Now let’s address, without considering Bob’s action of saving his car instead of the child, whether switching a runaway train to another railway track would have been a smart thing to do.

I am not a railroad engineer, I doubt many of you reading this are. I don’t know what sort of damage I could do to a train by switching a runaway train onto a separate track could do. By saying it’s a runaway train I’m going to assume they mean the brakes are out, so it’s going very fast. So will it tip over if I switch the tracks and cause it to jerk to side suddenly? Is it a passenger train? If it is, then tipping it over could kill or injure hundreds of passengers. What if it’s a train that is carrying hazardous chemicals or waste? If it tips over in that case, the waste or chemicals could explode or seep into the surrounding environment. Depending on how close we are to a city, that could also kill or injure hundreds or thousands of people.
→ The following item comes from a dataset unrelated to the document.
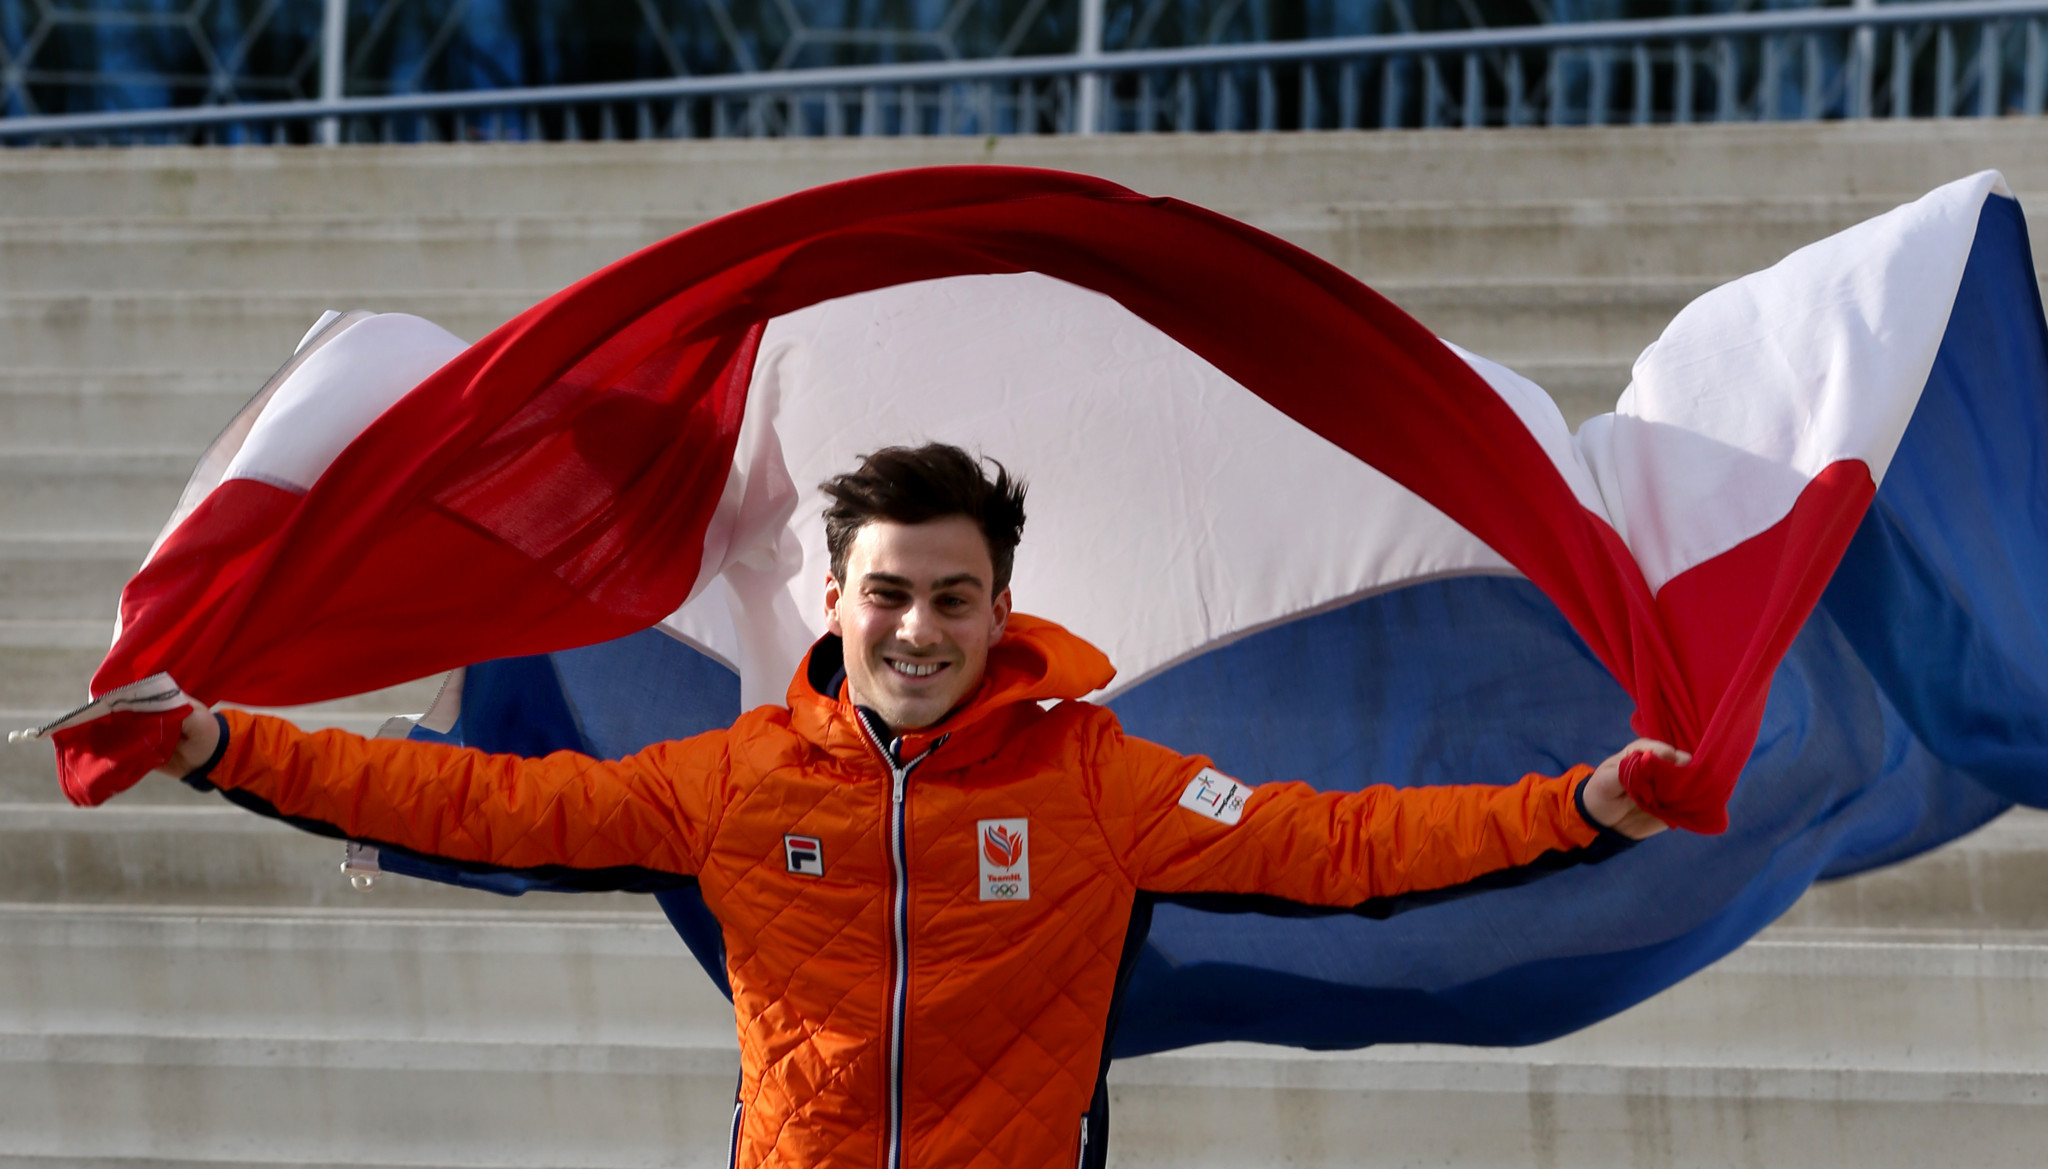 Dutch speed skater Jan Smeekens poses with his country's flag after being selected as flagbearer  ©Getty Images

So Singer has simplified things down, but ended up not giving us enough information to actually make an ethical decision. In either of the situations I just laid out, the death of that child, though regrettable and awful, would be the better option. Especially if there is a possibility that the train can be stopped safely further down the track.

Now you might say “Well how does that apply to solving world hunger? Maybe you tore up that comparison, but giving to UNICEF or some other charity to help feed children would still be a good thing right? There couldn’t possibly be a bad outcome from that.”
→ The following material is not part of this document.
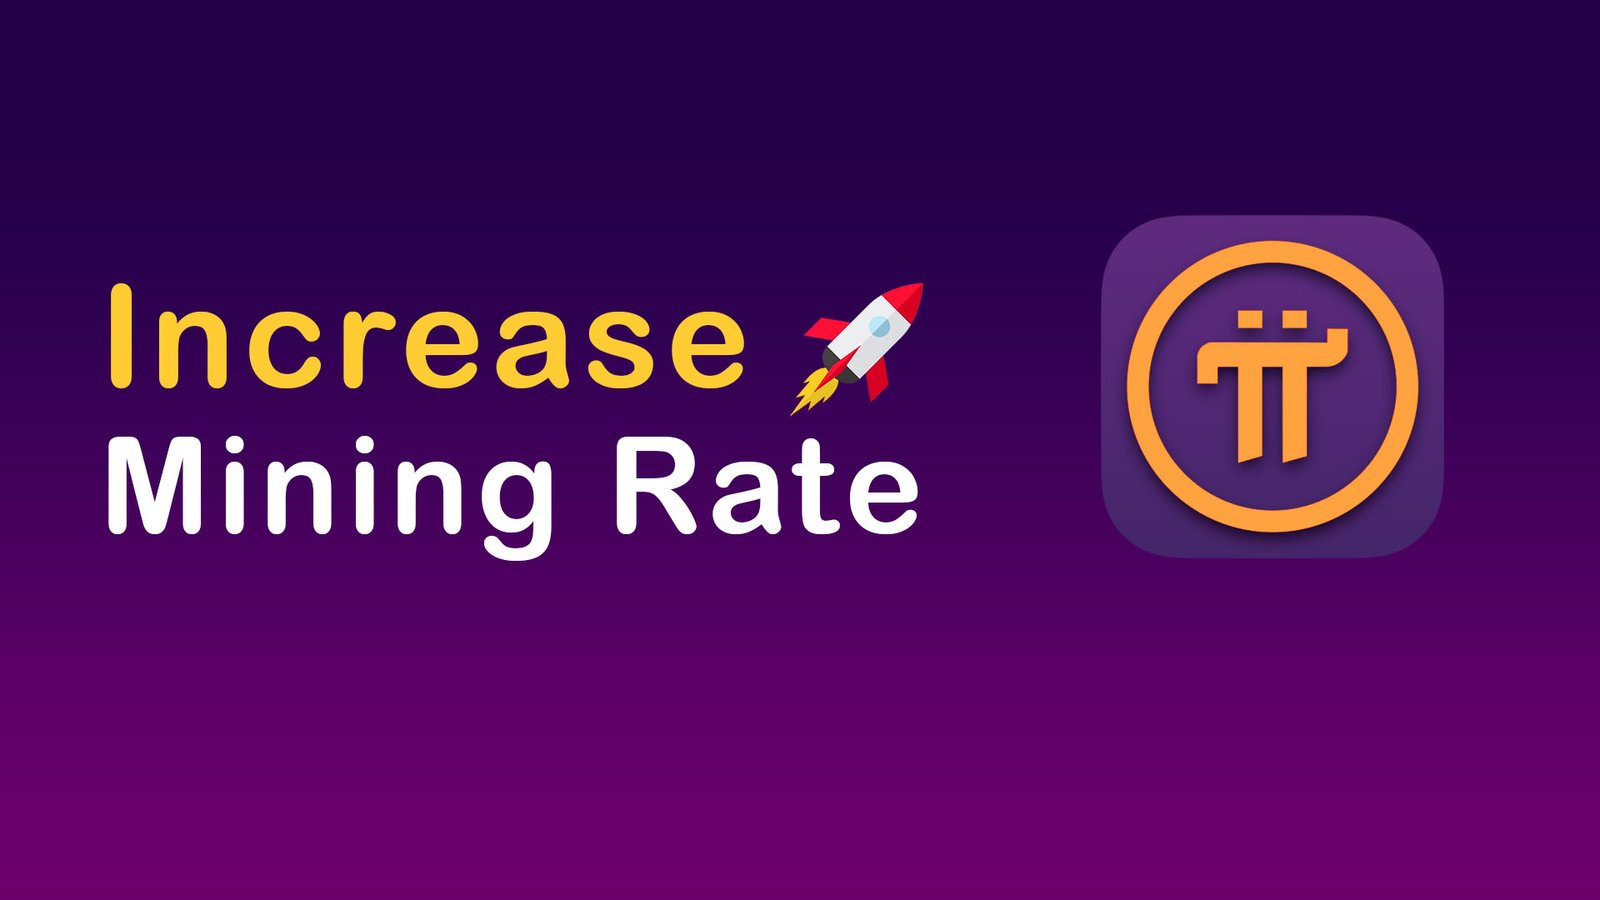 How to increase Pi mining rate

Well that depends on what you see as a bad outcome I suppose. What do these charities actually do? As far as I know, they feed people, bring them aid. There is nothing wrong with that, in and of itself, except that it’s merely a stopgap measure. The people are still poor and uneducated, the countries are still overpopulated and, in all likelihood, the next generation will be just as large and just as poor and just as hungry. And guess who gets to take care of that generation? That’s right, you’re kids. They get to be shamed and bullied by people like Singer and told they are as bad as murderers if they don’t give up all their money to charity…until all the world’s troubles have been solved.

Ayn Rand saw that too.

Do you care to imagine what it would be like, if you had to live and to work, when you’re tied to all the disasters and all the malingering of the globe? to work – and whenever any men failed anywhere, it’s you who would have to make up for it. To work – with no chance to rise, with your meals and your clothes and your home and your pleasure depending on any swindle, any famine, any pestilence anywhere on earth. To work – with no chance for an extra ration, till the Cambodians have been fed and the Patagonians have been sent through college. To work – on a blank check held by every creature born, by men whom you’ll never see, whose needs you’ll never know, whose ability or laziness or sloppiness or fraud you have no way to learn and no right to question – just to work and work and work – and leave it up to the Ivys and the Geralds of the world to decide whose stomach will consume the effort, the dreams and the days of your life. And this is the moral law to accept? This – a moral ideal?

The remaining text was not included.